In addition to the essential components and preferred additives, various known additives can be added to the polishing liquid of the present invention depending on the purpose within a range not impairing the effects of the present invention.
(Surfactant)
A surfactant can be added to the polishing liquid of the present invention.
In semiconductor devices, there is a metal film layer such as copper wiring adjacent to the polyimide film, but when the metal part is exposed during polishing of the polyimide film, the surfactant is adsorbed on the metal film to protect the exposed surface, It is thought that it fulfills the function of suppressing the polishing of the metal film.
Surfactants that can be used in the present invention are those selected from the group of anionic (anionic), cationic (cationic), nonionic (nonionic), and amphoteric (betaine) surfactants. Is preferred.

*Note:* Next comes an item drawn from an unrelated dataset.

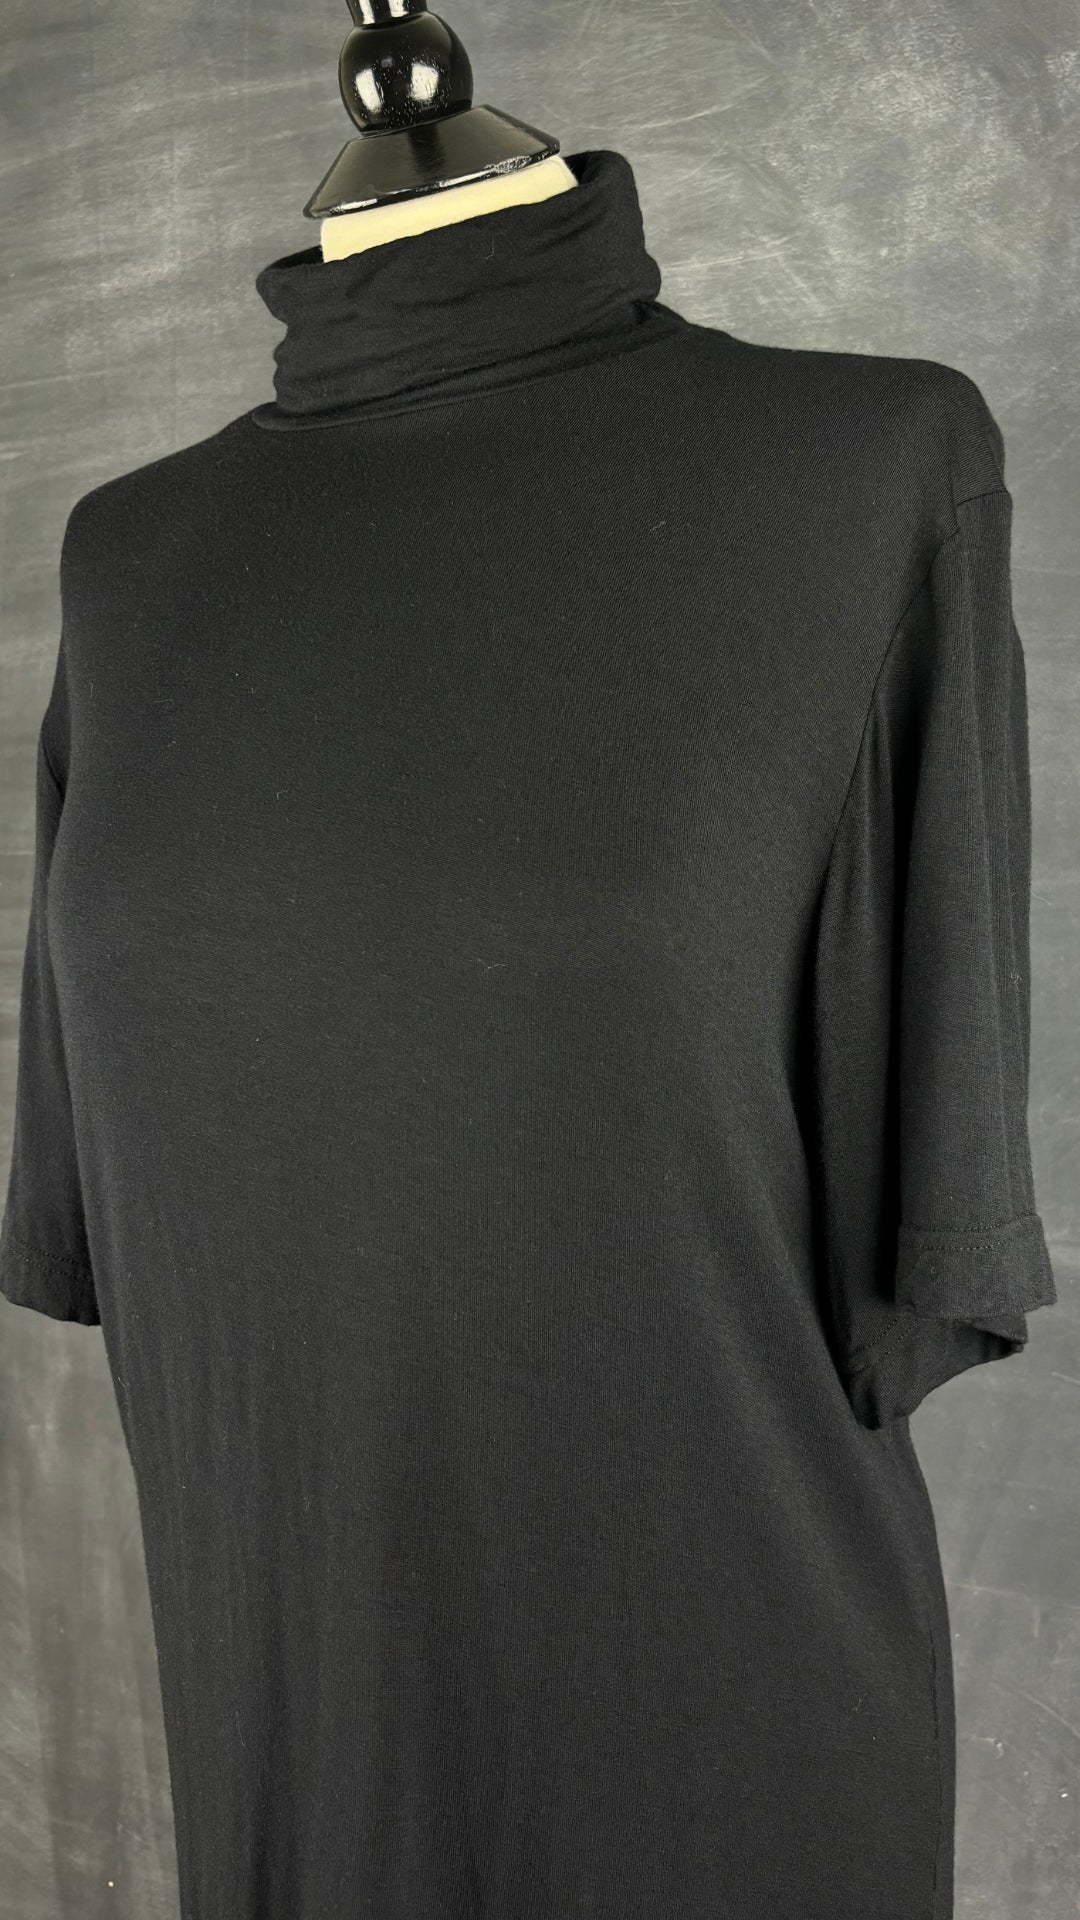 T-shirt noir à col montant Naïké Montréal, taille environ m/l. Vue de l'encolure.

Examples of the anionic surfactant include carboxylic acid, sulfonic acid, sulfate ester, phosphate ester and salts thereof.
Carboxylic acids and salts thereof include fatty acid salts (for example, beef tallow fatty acid soda, sodium stearate, potassium oleate, castor oil potash), N-acyl amino acid salts (for example, palm oil fatty acid sarcosine triethanolamine), polyoxyethylene or Examples include polyoxypropylene alkyl ether carboxylate and acylated peptide.
Examples of sulfonic acids and salts thereof include alkyl sulfonates (for example, dioctyl sulfosuccinate ester salts), alkyl benzene sulfonic acids (for example, dodecyl benzene sulfonic acid (soft), (hard), ammonium dodecyl benzene sulfonate (soft), (hard ), Dodecylbenzenesulfonic acid triethanolamine), alkyl diphenyl ether disulfonates (eg sodium alkyldiphenyl ether disulfonate), alkyl naphthalene sulfonates (eg monoisopropyl naphthalene sulfonic acid, diisopropyl naphthalene sulfonic acid, triisopropyl naphthalene sulfonic acid) Ammonium), alkylsulfosuccinates (eg sodium dialkylsulfosuccinate, polyoxyethylene lauryl ether) Rufosuccinic acid disodium), α-olefin sulfonate, N-acyl sulfonate (for example, coconut oil fatty acid methyl taurine sodium, polyoxyethylene coconut oil aliphatic monoethanolamide sodium sulfate), naphthalene and other aromatic sulfonic acids Formalin condensates (for example, sodium salt of β-naphthalenesulfonic acid formalin condensate, sodium salt of special aromatic sulfonic acid formalin condensate) and the like.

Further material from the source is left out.